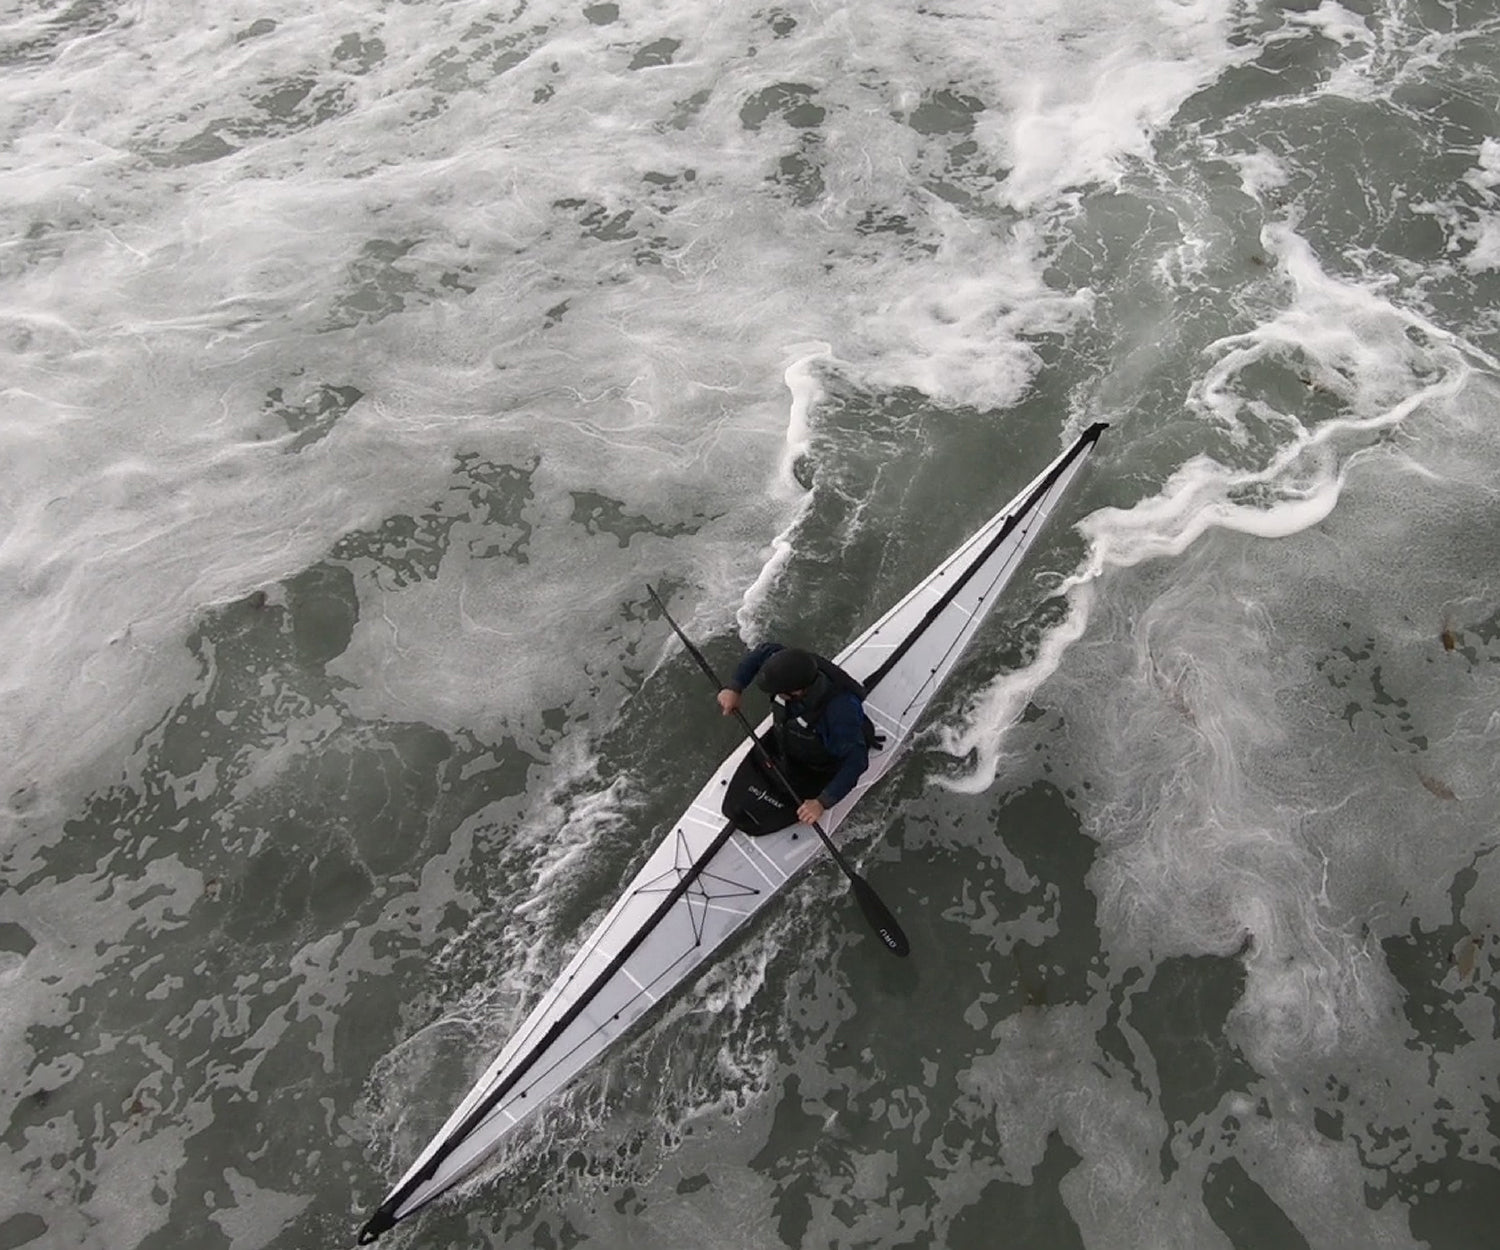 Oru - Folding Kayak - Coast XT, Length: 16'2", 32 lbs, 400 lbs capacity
==
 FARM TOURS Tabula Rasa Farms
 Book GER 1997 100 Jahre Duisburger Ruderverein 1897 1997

→ Exercise
Extract the lines of the preceding material that run from the line with "FARM TOURS Tabula Rasa Farms" through the line with "Book GER 1997", inclusive, reproducing them exactly and adding nothing.

→ Reply
 FARM TOURS Tabula Rasa Farms
 Book GER 1997 100 Jahre Duisburger Ruderverein 1897 1997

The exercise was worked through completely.